Your guide to
buying your home - Choosing a mortgage
The two most common types
of mortgage are the repayment and the endowment.
Repayment mortgage
With this type of loan the
monthly repayment covers both the interest on the outstanding loan and
the amount for the repayment of capital. The repayments are calculated
so that the amount borrowed will be fully repaid at the end of the term
agreed for the mortgage. Borrowers are advised to take out some form
of mortgage protection insurance with this type of loan.
Endowment mortgage
Two monthly payments are required
for this type of loan.
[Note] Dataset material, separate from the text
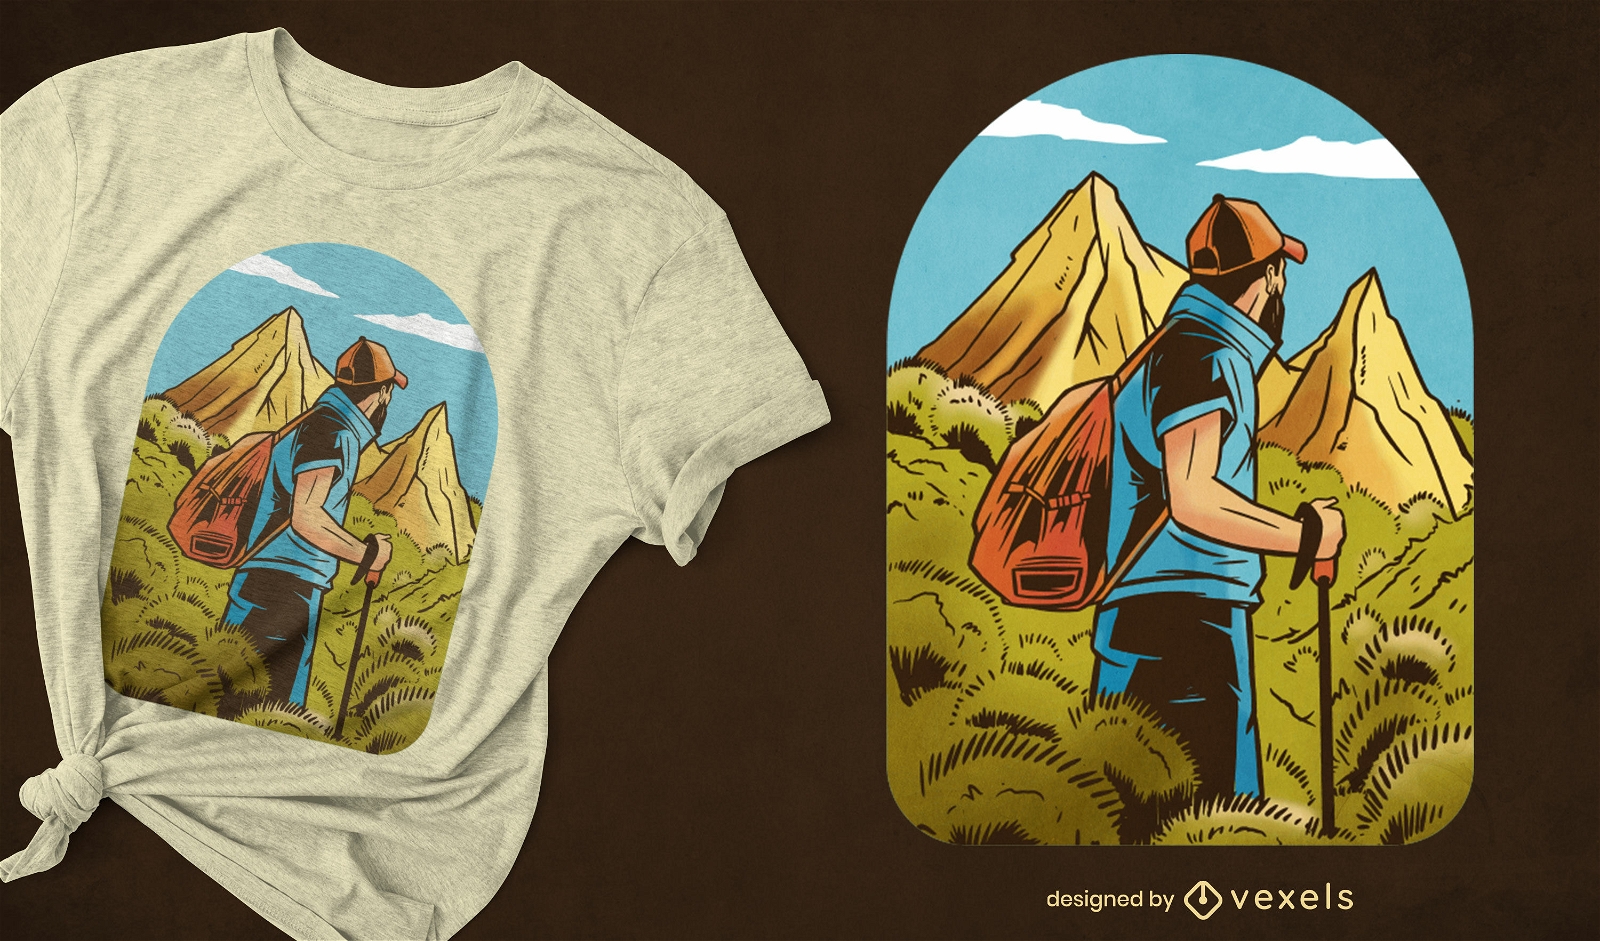 Man hiking in mountains t-shirt design

One is to cover the interest due on the loan,
whilst the other covers the premium payable on an endowment plan with
a life assurance company.
The capital sum borrowed remains
outstanding throughout the full term of the mortgage (unless arrangements
are made to repay prematurely), which means that interest is calculated
on the full amount of the loan during this period.
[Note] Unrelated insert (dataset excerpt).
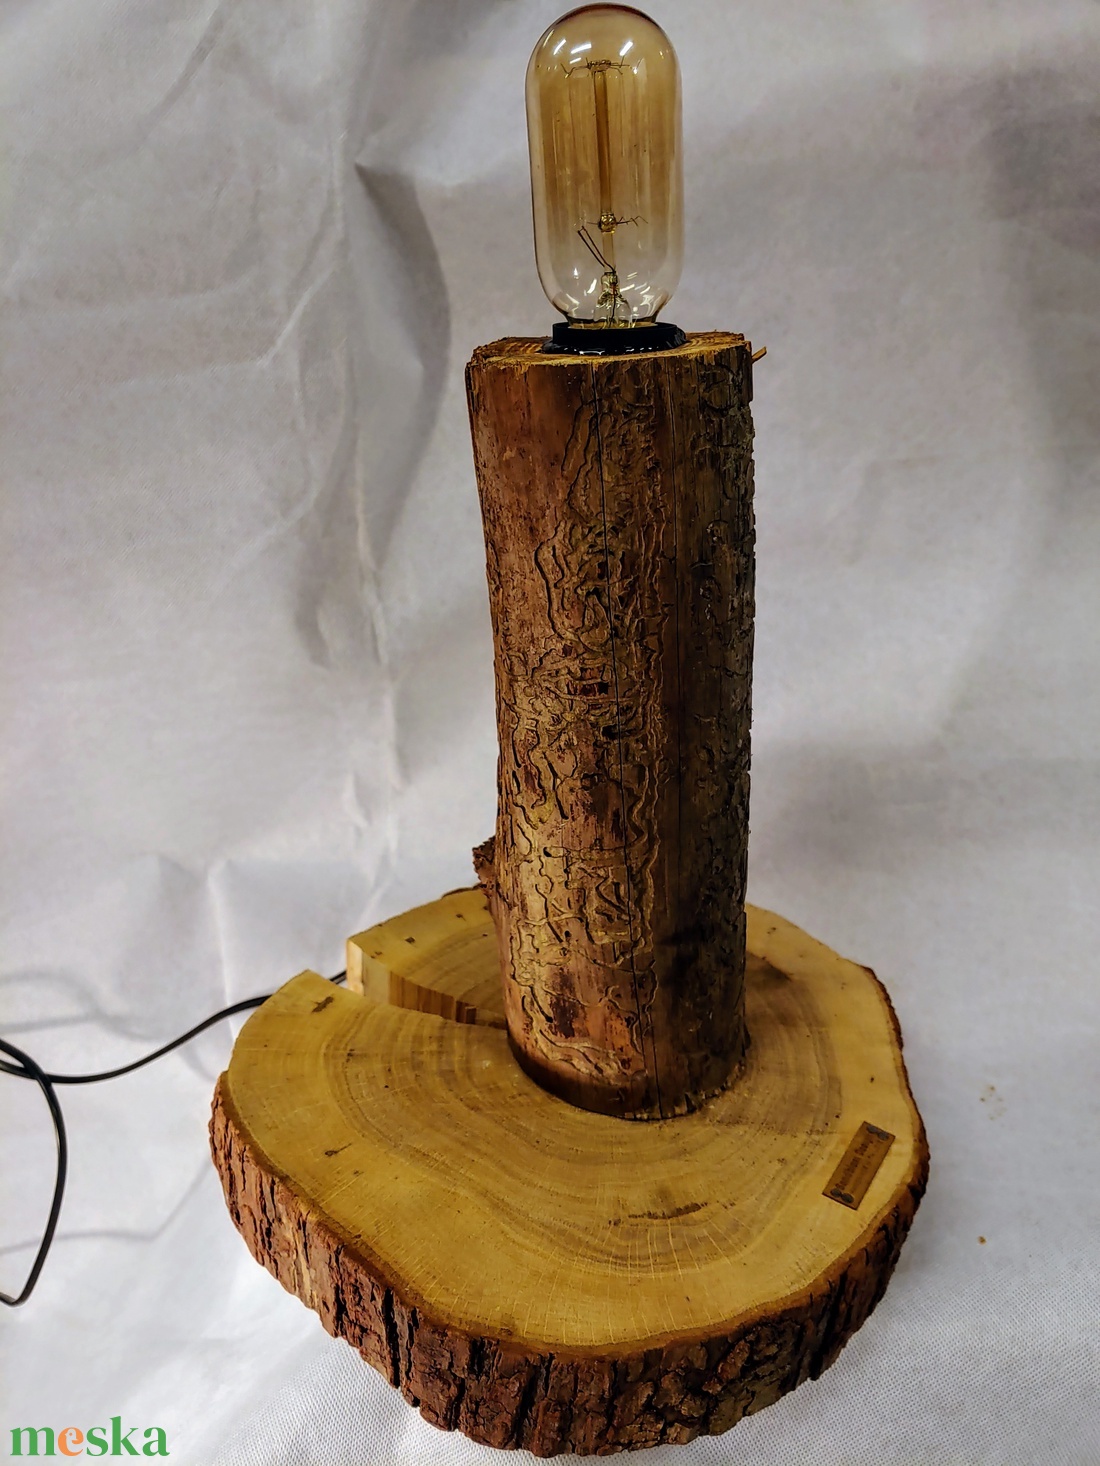 Fa lámpa - A természet ihlette fényforrás - - otthon & lakás - lámpa - hangulatlámpa - Meska.hu

The aim of the endowment plan
is to build up a cash sum sufficient to repay the amount borrowed by
the end of the mortgage term, although this cannot be guaranteed and
in the event of a shortfall you will be expected to make up the difference.
In addition the plan provides
life assurance protection, which means the mortgage will be repaid in
full should any of the borrowers die during the mortgage period.
An endowment plan is a long
term investment and if you surrender or cash in the policy prematurely,
you may lose out on its potential value.